2) EDUCATION ET HUMANITE
Pour saisir toute l’importance de ce phénomène, faisons un jeu et imaginons l’expérience suivante : essayons de nous abstraire de toutes les choses pratiques ou intellectuelles transmises par nos ancêtres depuis le début de l’humanité ; éliminons toutes les méthodes de communication, coupons nous de l’industrie, de l’agriculture, oublions toute l’histoire, le langage, etc, allons jusqu’à cet état inconcevable que serait notre conscience totalement vierge de toute influence humaine ; que resterait-il de nous même après ce dépouillement ? Est-ce un vêtement ou une part de notre âme que nous venons de laisser tomber ?

Reprenons maintenant toutes les enveloppes éducatives que nous avons essayé de quitter, en revivant leur histoire. Pour construire chacune d’elles que de tâtonnements, que de fragilité face à une hypothétique mais probable catastrophe qui laisserait l’homme dans le même état qu’au moment de son apparition. Comment ne pas reconnaître dans cette progression tâtonnante les mêmes moyens que ceux employés par la vie elle-même, dans son développement irréversible ! Considérée dans son état actuel, l’humanité est organiquement inséparable des développements de son éducation. Ce milieu additif n’est rien moins qu’une sorte de matrice aussi réelle que le sein de nos mères. Il est la mémoire de notre race où puisent et s’achèvent nos mémoires individuelles. Ce milieu additif fait partie intégrante de l’hérédité biologique.

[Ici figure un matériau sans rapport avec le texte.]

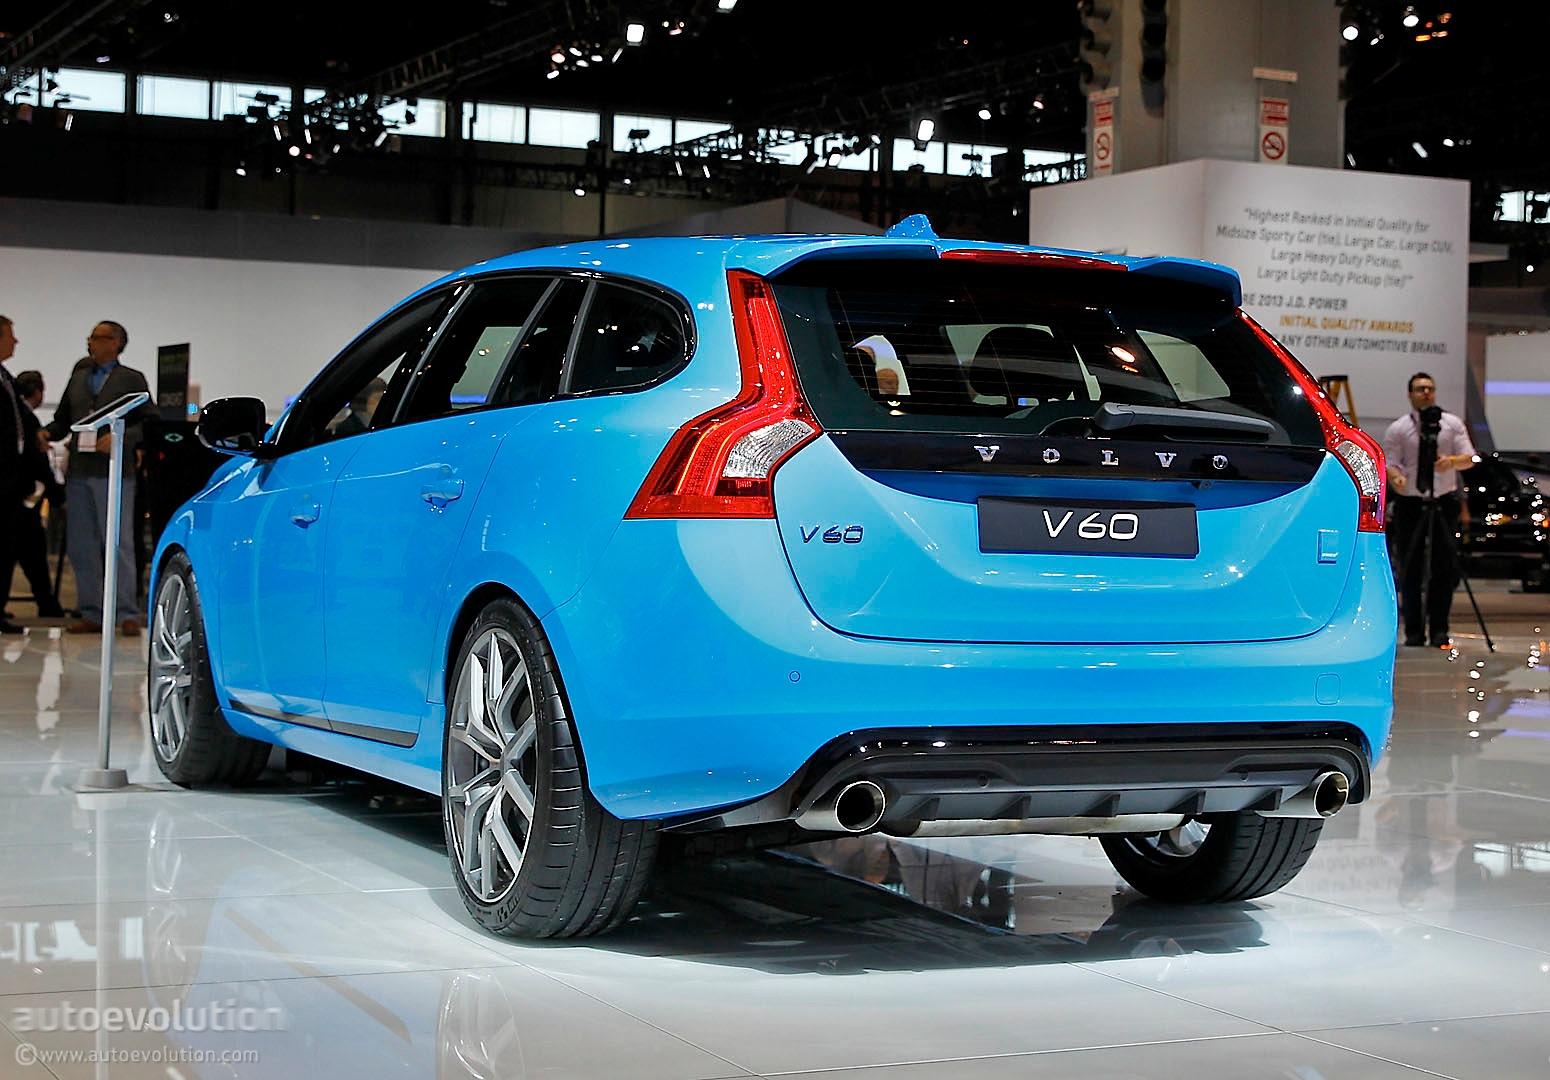 Volvo V60 Polestar Is a Blue Wagon in Chicago [Live Photo] - autoevolution

-Il est difficile de distinguer un ordre dans la masse croissante des expériences humaines qui constitue le patrimoine moral de l’humanité, aussi, prenons de la hauteur de vue ; ainsi il deviendra évident que ce chaos cache un ordre, celui de l’humanité prenant conscience d’elle-même. L’humanité se constitue sur l’élévation des consciences individuelles ; en aucun cas nous devons nous prétendre plus intelligents que nos pères, mais grâce à leurs efforts additionnés, nous comprenons mieux qu’ils ne pouvaient le faire eux-mêmes. Un état humain de conscience collective s’établit et porte un peu plus loin celui des générations nouvelles.

-La fonction spécifique de l’éducation est la preuve définitive de sa valeur biologique jusque dans les choses de l’esprit.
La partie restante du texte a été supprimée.